Well, that’s what I did for a little while last month, struggling to get past the denial stage. I really didn’t know how to do nothing. Then, come the new year, I had a Road To Damascus experience and then I settled down into an easy rhythm of eat-read-sleep-potter-about-aimlessly, interspersed with the real joy of spending time with my wife and kids. While on the subject of convalescence, my thanks to all who sent me get-well-soon messages. As you can see the messages are working…
Now to the point of this post.
As part of the pottering-about-reading-aimlessly time, I came across this post by James McGovern, whose blog I get to reasonably often.

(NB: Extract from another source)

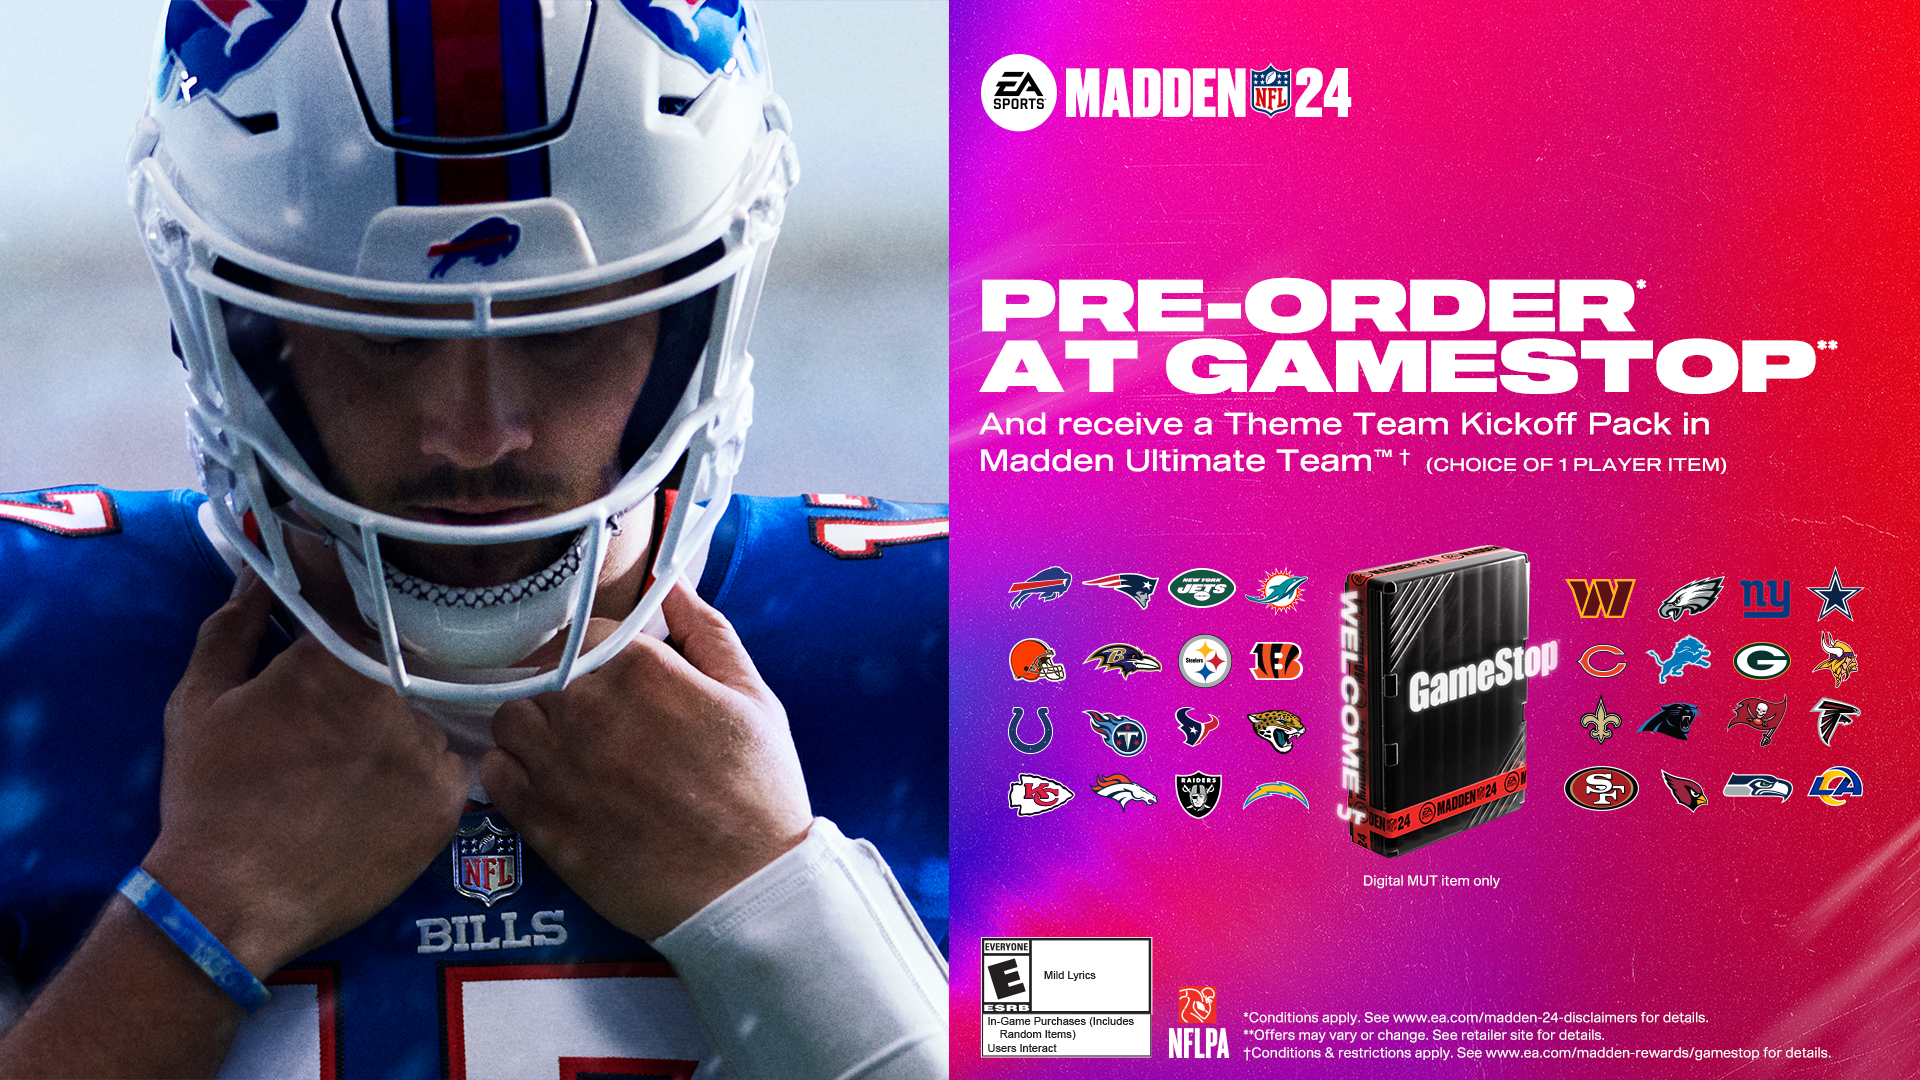 How to Get Madden 24 Early Access

Read the post, it’s worth it. James commented on a perception held by some developers that many opensource communities aren’t particularly welcoming, and that developers are put off joining as a result.
And it made me wonder.
I’ve always believed in a community participation rule of thumb, something I’ve written about before here and here. The numbers tell the story:
- For every 1000 people who join a community:
- 920 are lurkers, passive observers
- 60 are watchers, active observers capable and willing to kibitz
- 15 are activists, actually doing something
- …and 5 are hyperactive, passionate about what they’re doing, almost to a point of obsession
And this is what I was musing about.
Does it really matter, the number of people who actively contribute to an opensource project? Is there something about the way opensource communities work, something that will always ensure that a very small number are the hyperactive core?
The more I think about it, the more I believe that there’s something important here. Linus’s Law is about eyeballs, not hands, and it’s for a reason:
- At the heart of every successful opensource community is a small cottage industry. And it is this cottage-industry mindset that makes the community different from other “commercial” ones.
- The core doesn’t have to scale. The core needs to behave in such a way that Linus’s eyeballs are attracted, and this is done by upholding the right values.
- Jerry Garcia and gang only needed to make sure that Grateful Dead concerts had “taping rows”; the number of people who sat in them was not relevant (although they were full). In a weird kind of way, the core is the band. The tapers are the activists. The kibitzers are the roadies and volunteers.
- Together with the audience, they formed a whole and vibrant community.
- Not everyone needs to be on stage for the community to work. In fact there isn’t space.
It is the freedom of access, represented by the taping rows, that really matters. That’s what makes opensource opensource.
Or, to take a chess analogy:
The threat is stronger than the move.